BRIEF
An unchanged copy of all the lines below is expected, and it should contain no pictures.

··· STORED DATA

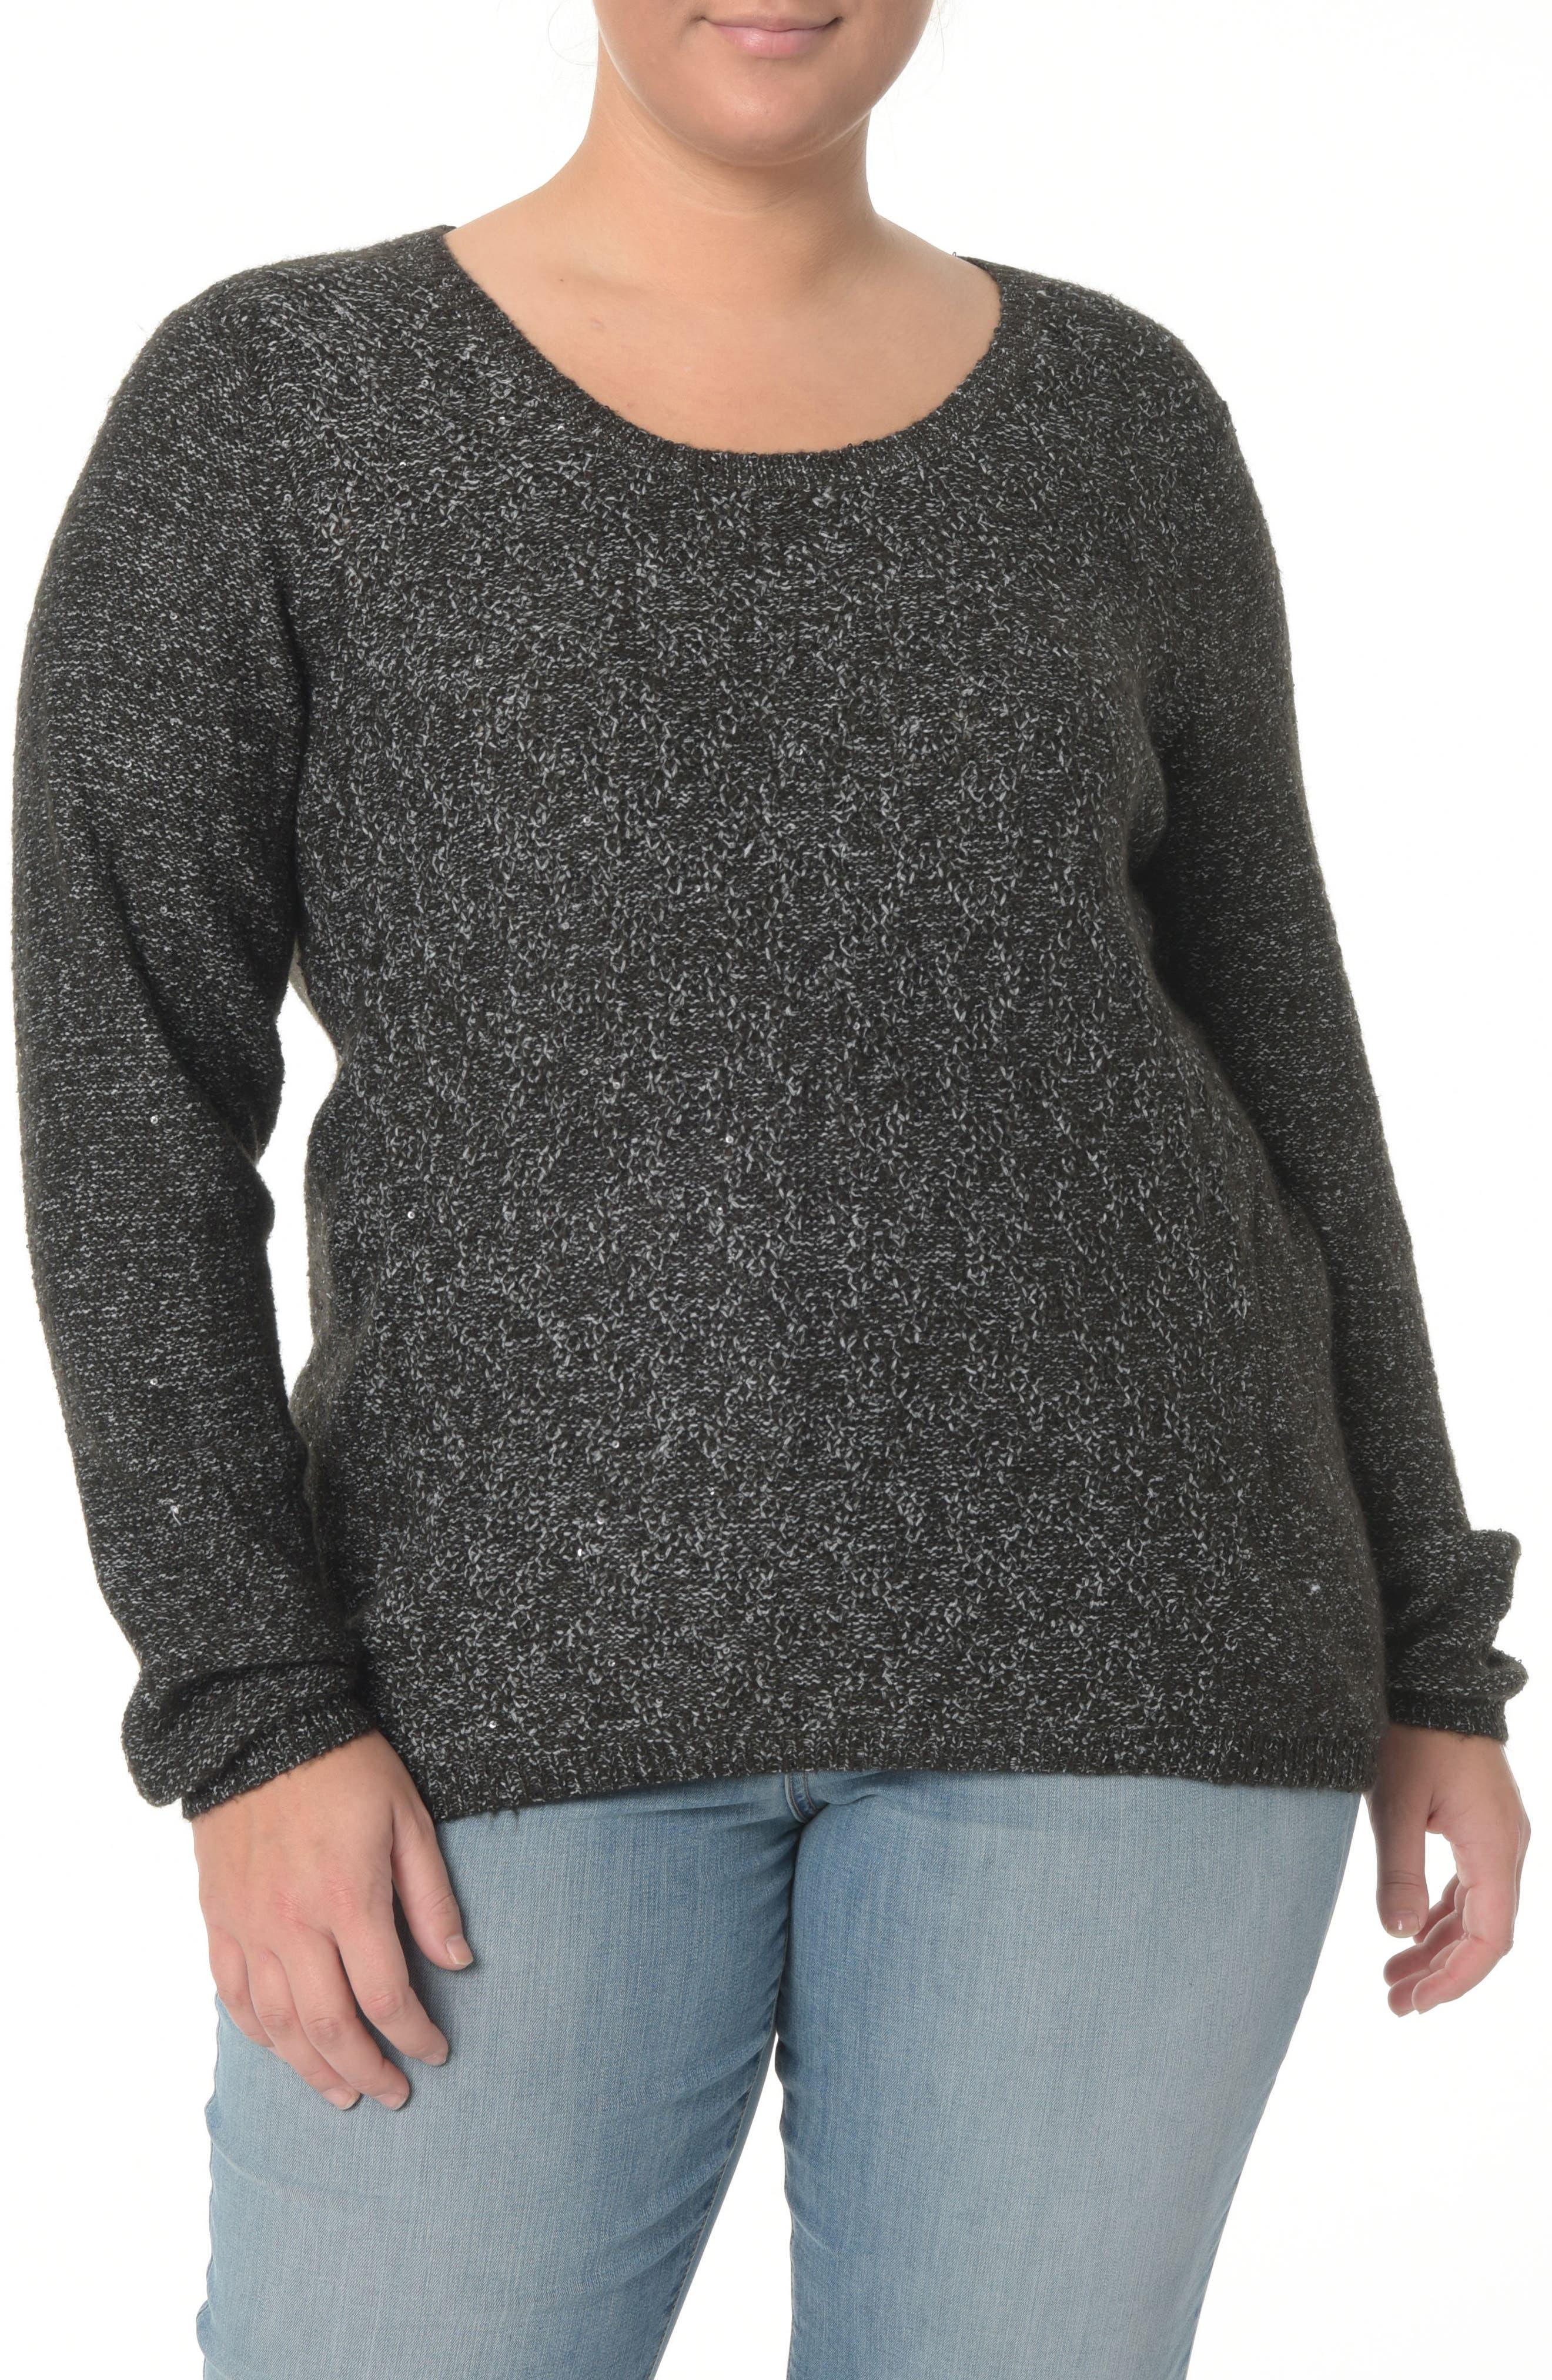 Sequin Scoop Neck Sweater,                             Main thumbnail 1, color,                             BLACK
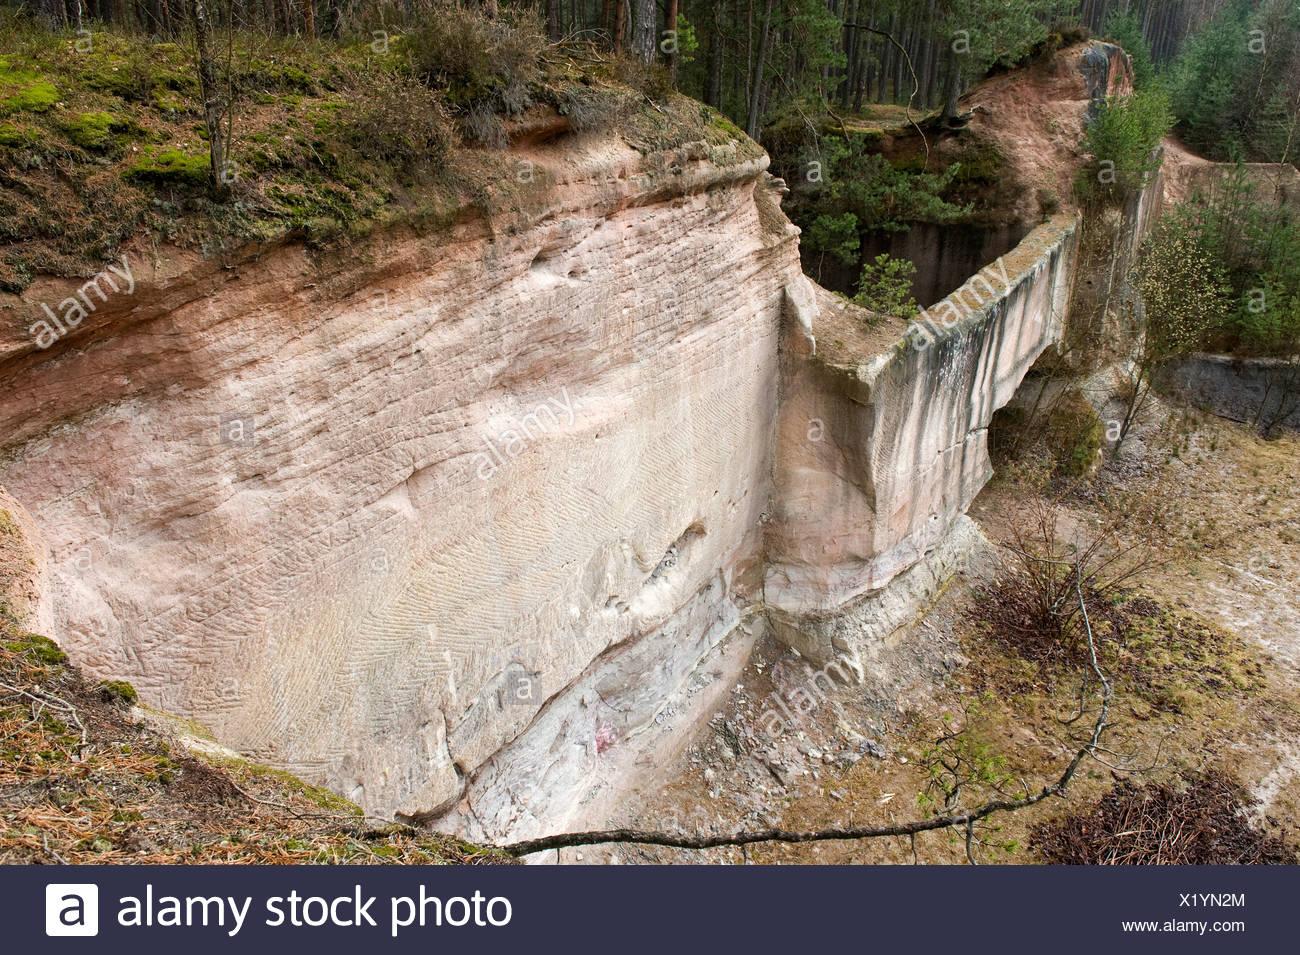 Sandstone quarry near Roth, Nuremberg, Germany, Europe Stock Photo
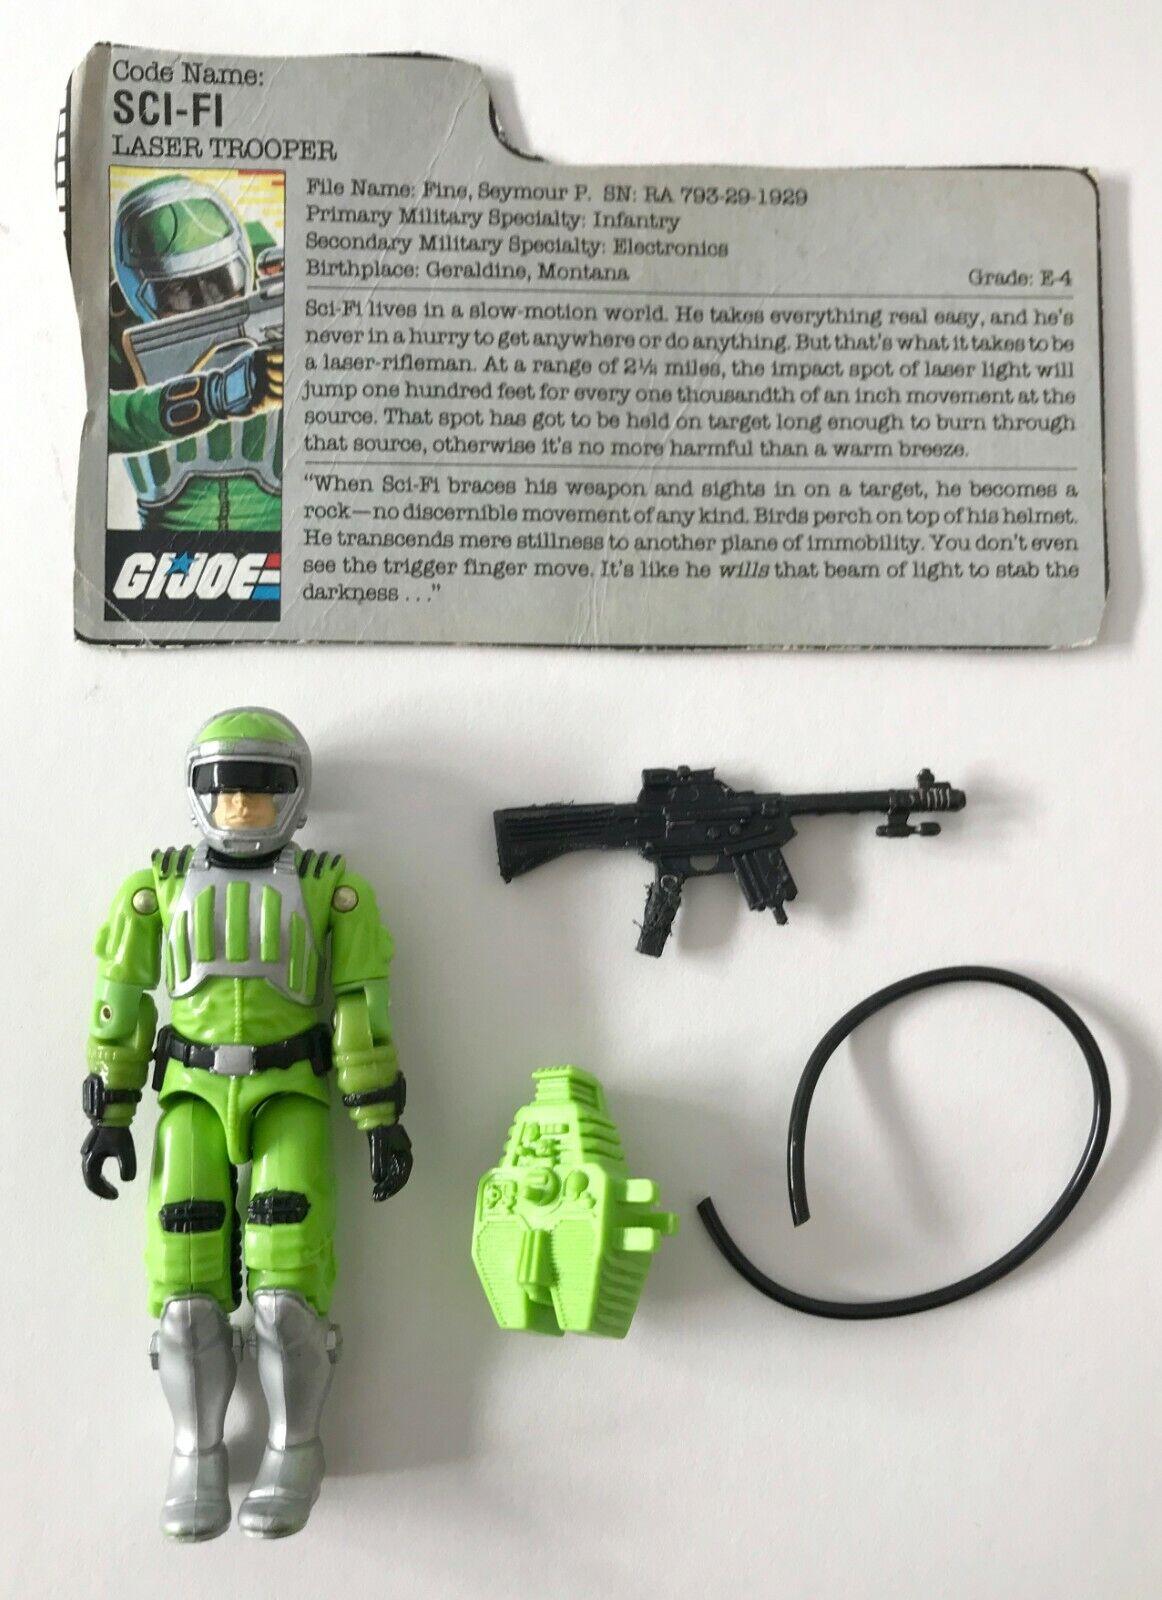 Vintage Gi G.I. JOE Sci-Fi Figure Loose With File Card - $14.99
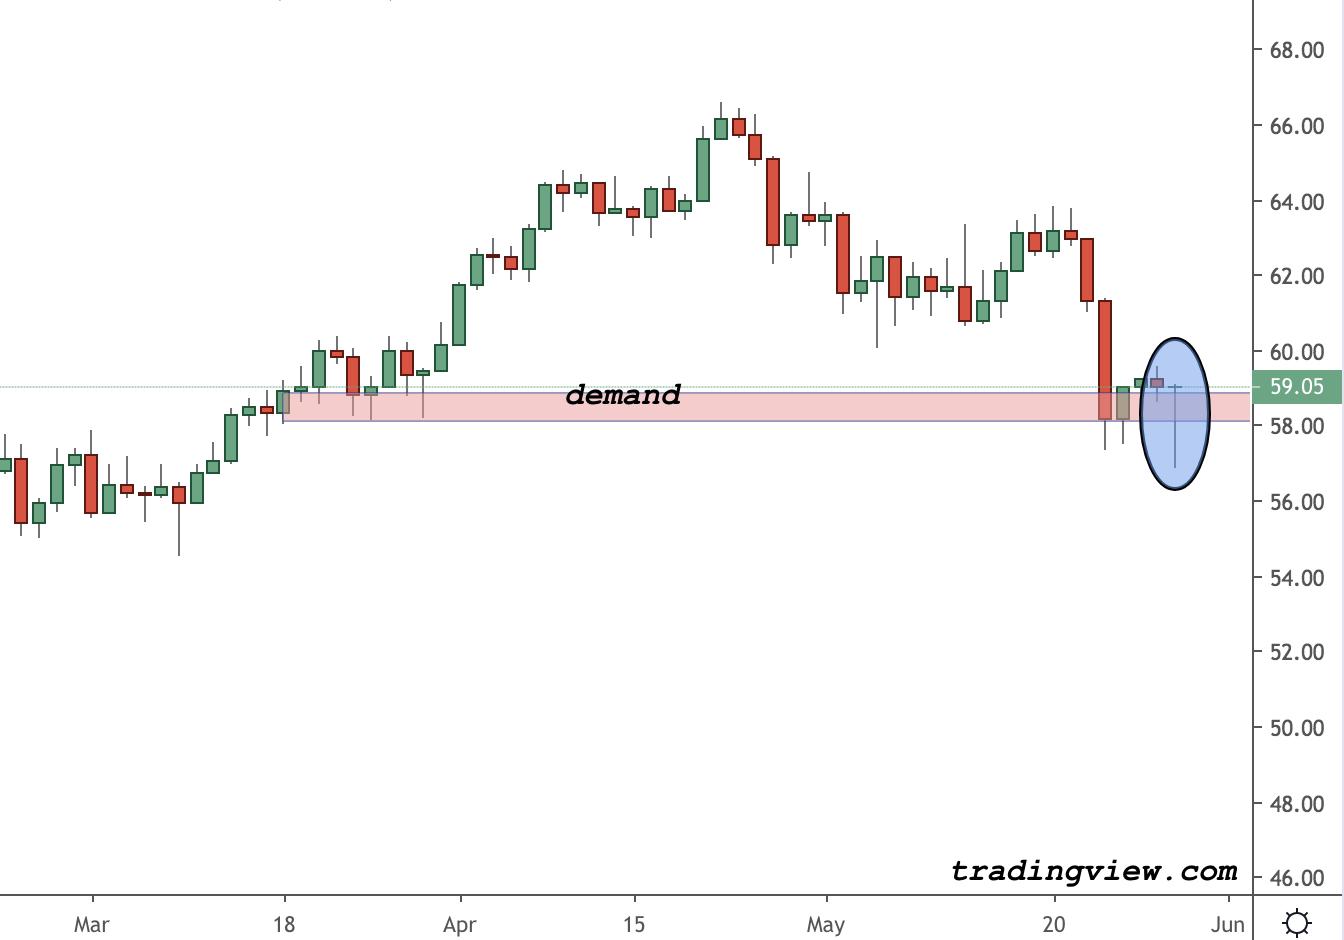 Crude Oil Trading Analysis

······

TASK RESULT
 Sequin Scoop Neck Sweater,                             Main thumbnail 1, color,                             BLACK
 Sandstone quarry near Roth, Nuremberg, Germany, Europe Stock Photo
 Vintage Gi G.I. JOE Sci-Fi Figure Loose With File Card - $14.99
 Crude Oil Trading Analysis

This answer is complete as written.